## Data:
★ ★ ★ ★ ★

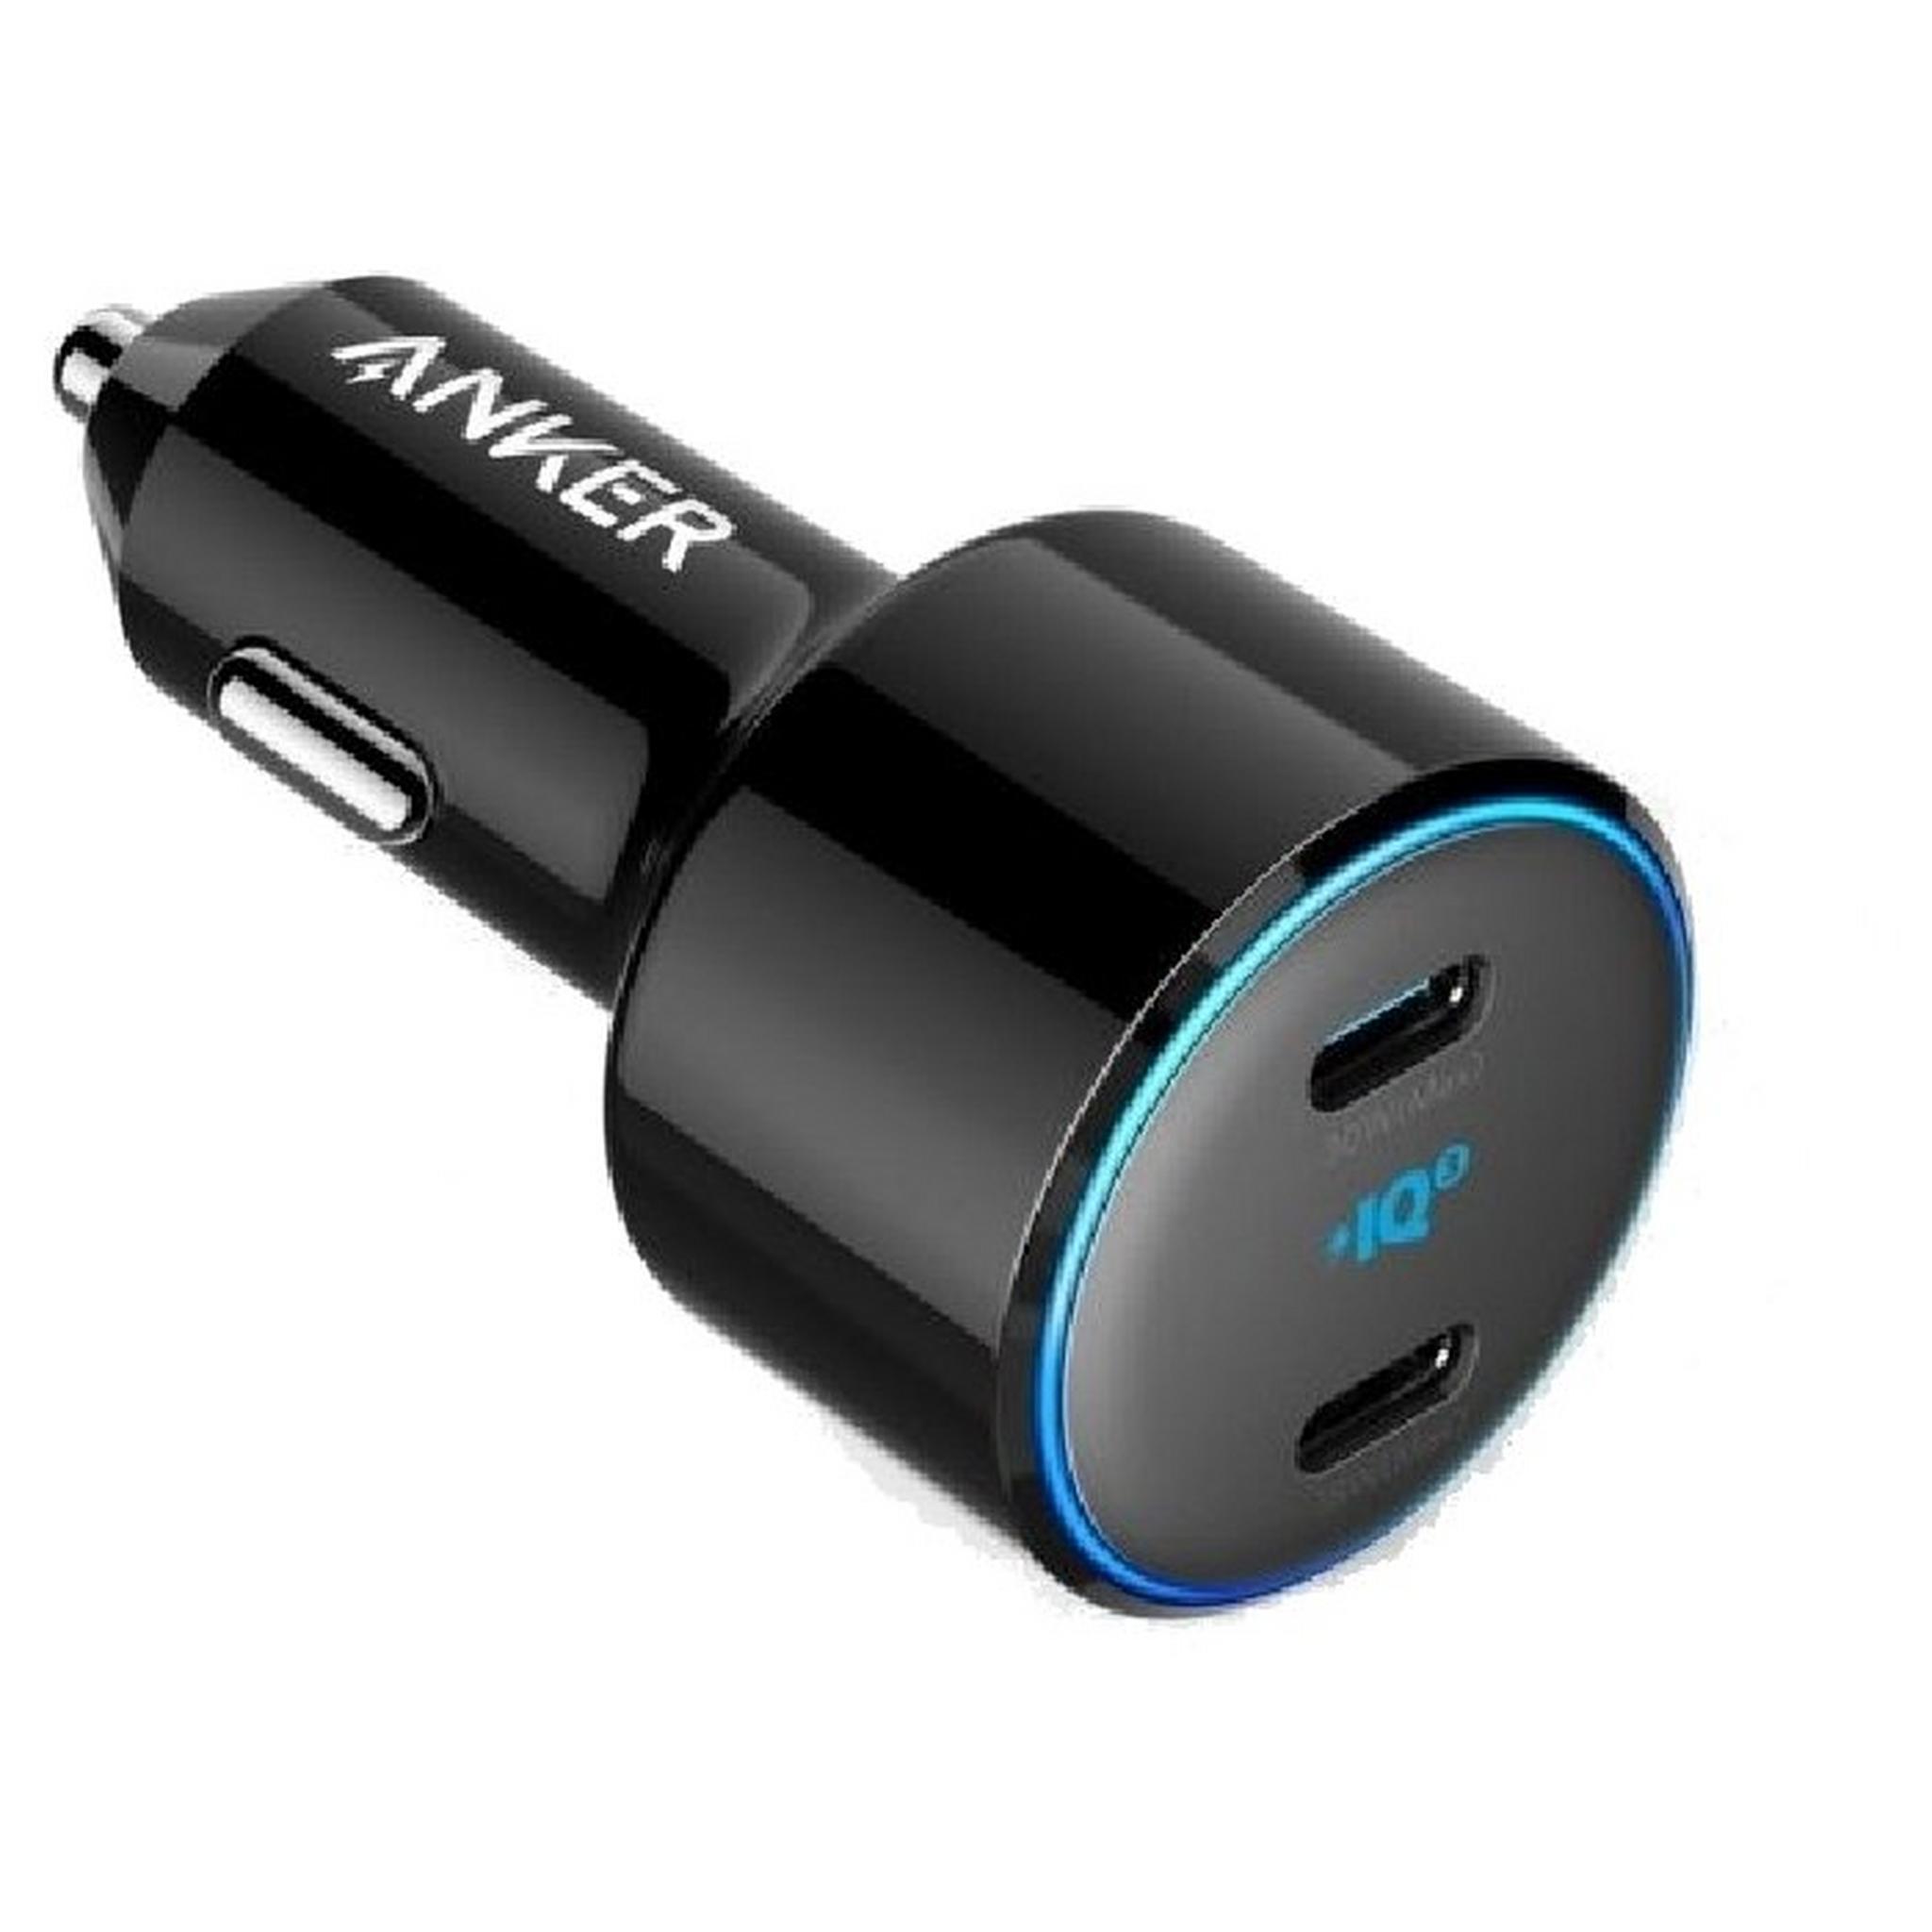 Anker PowerDrive+ III Duo 48W 2-Port Car Charger - Black
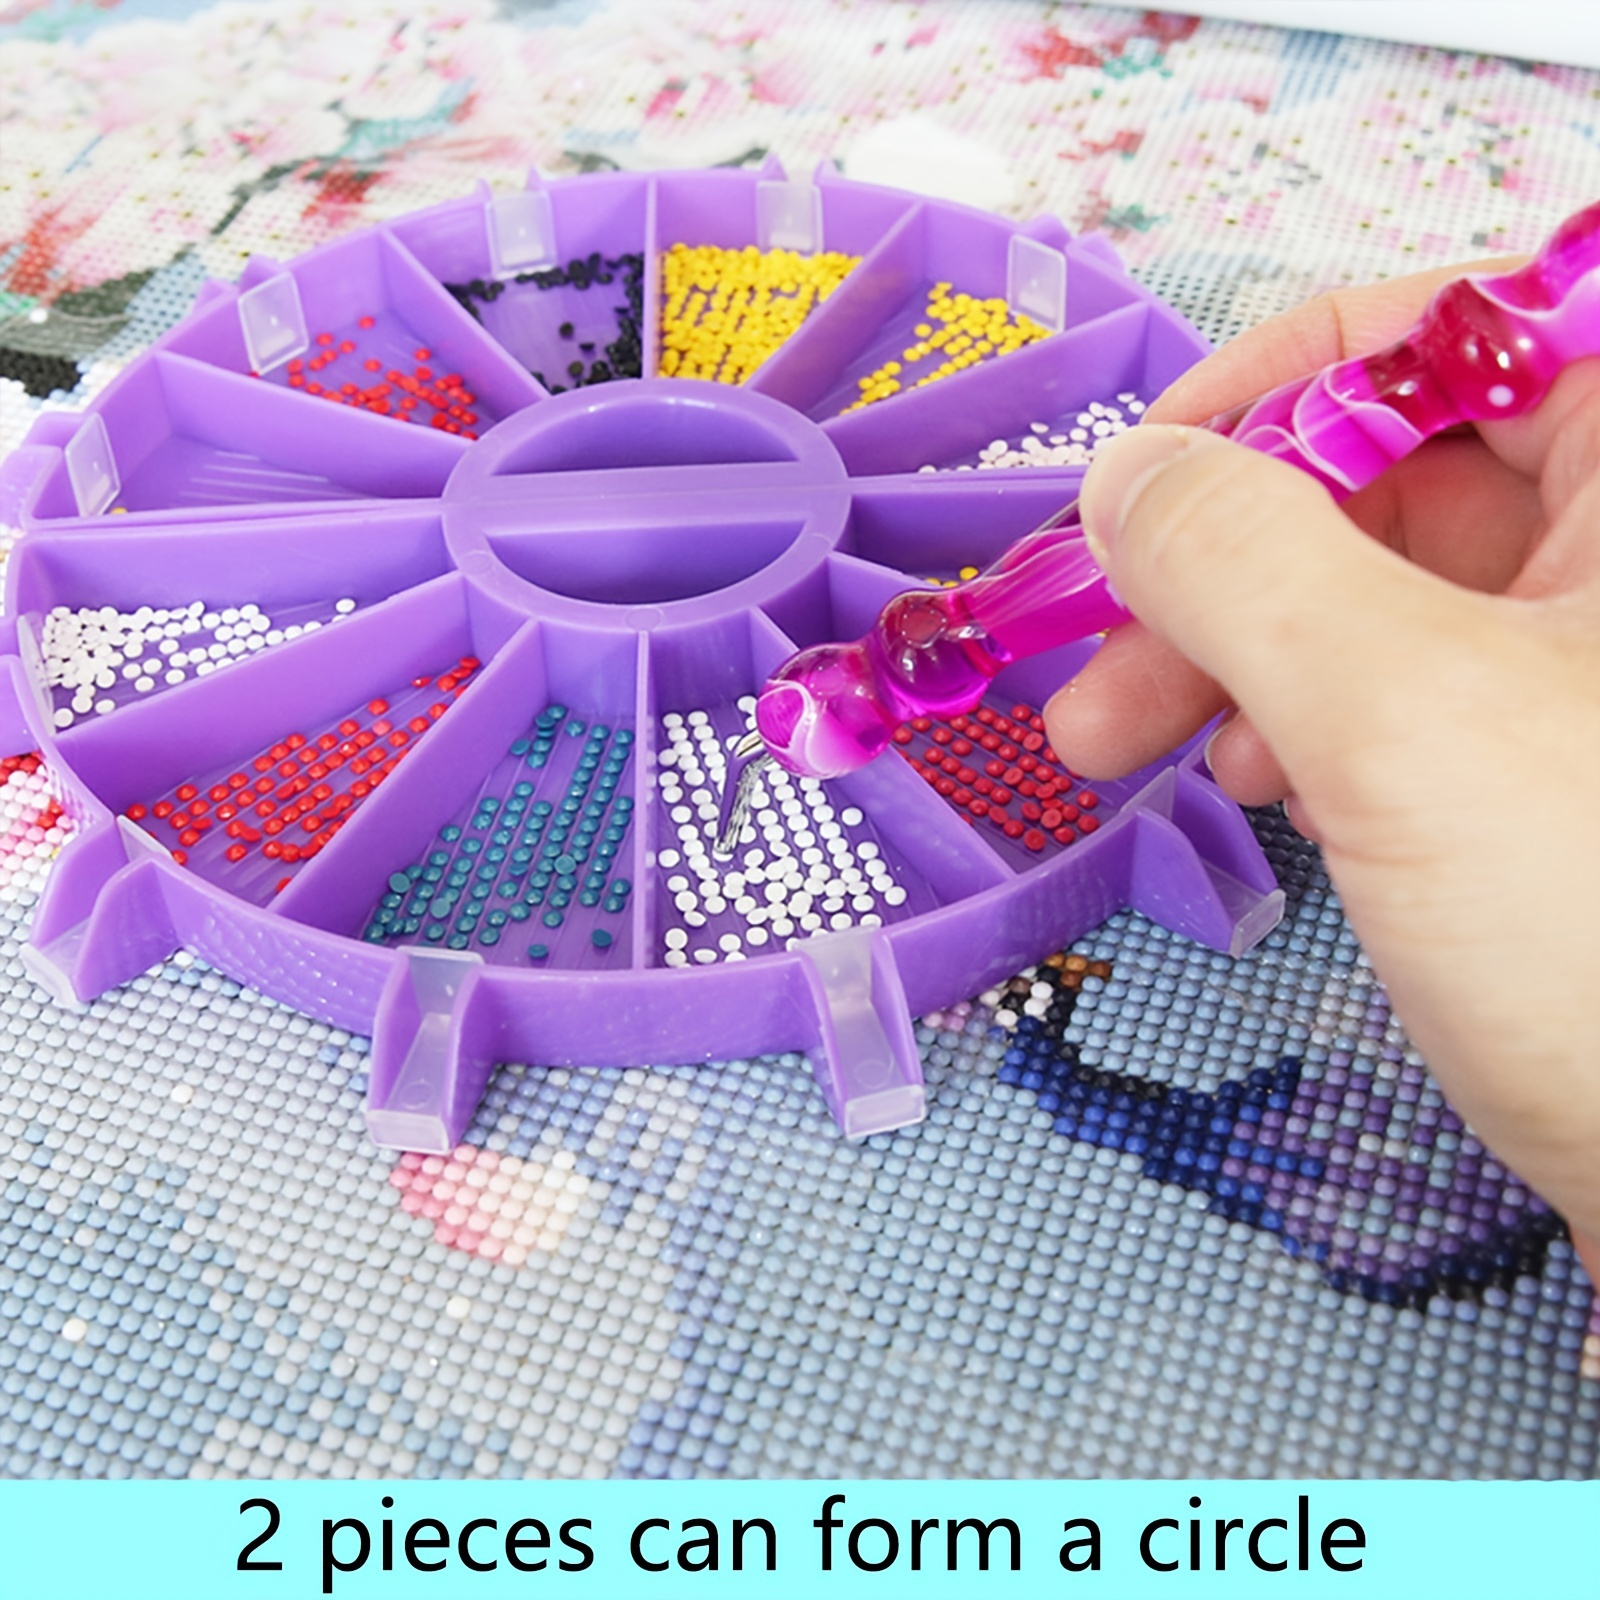 6 Pcs Diamond Painting Trays Large and Small,Plastic Bead Sorting
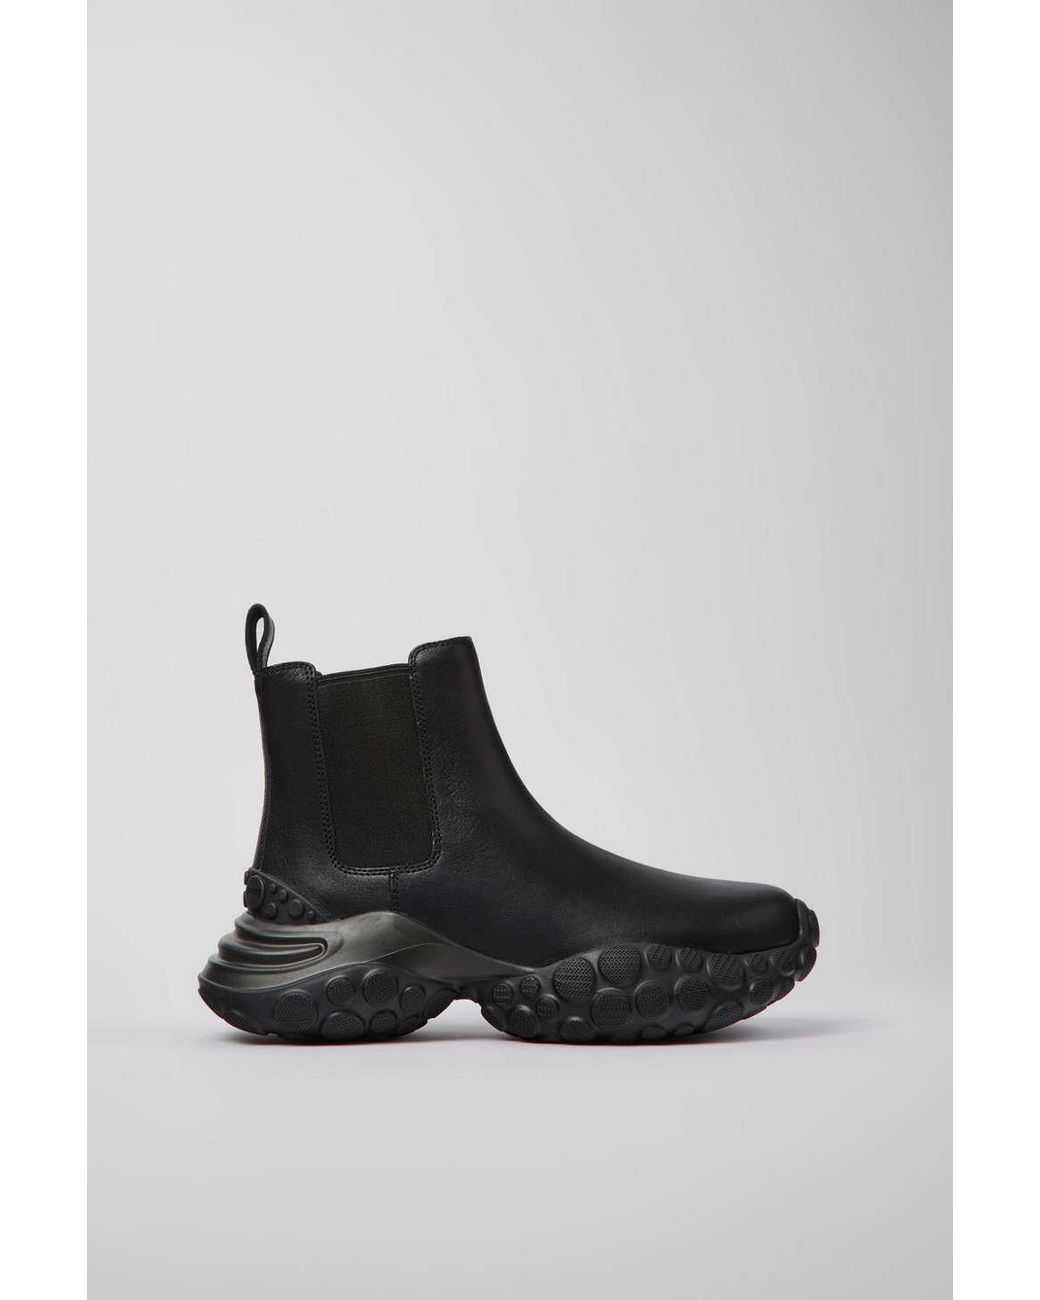 Camper Pelotas Mars Leather Chelsea Boot In Black,at Urban Outfitters | Lyst

★ ★ ★ ★ ★

No picture belongs in the copy; return the rest of the listing exactly.

 Anker PowerDrive+ III Duo 48W 2-Port Car Charger - Black
 6 Pcs Diamond Painting Trays Large and Small,Plastic Bead Sorting
 Camper Pelotas Mars Leather Chelsea Boot In Black,at Urban Outfitters | Lyst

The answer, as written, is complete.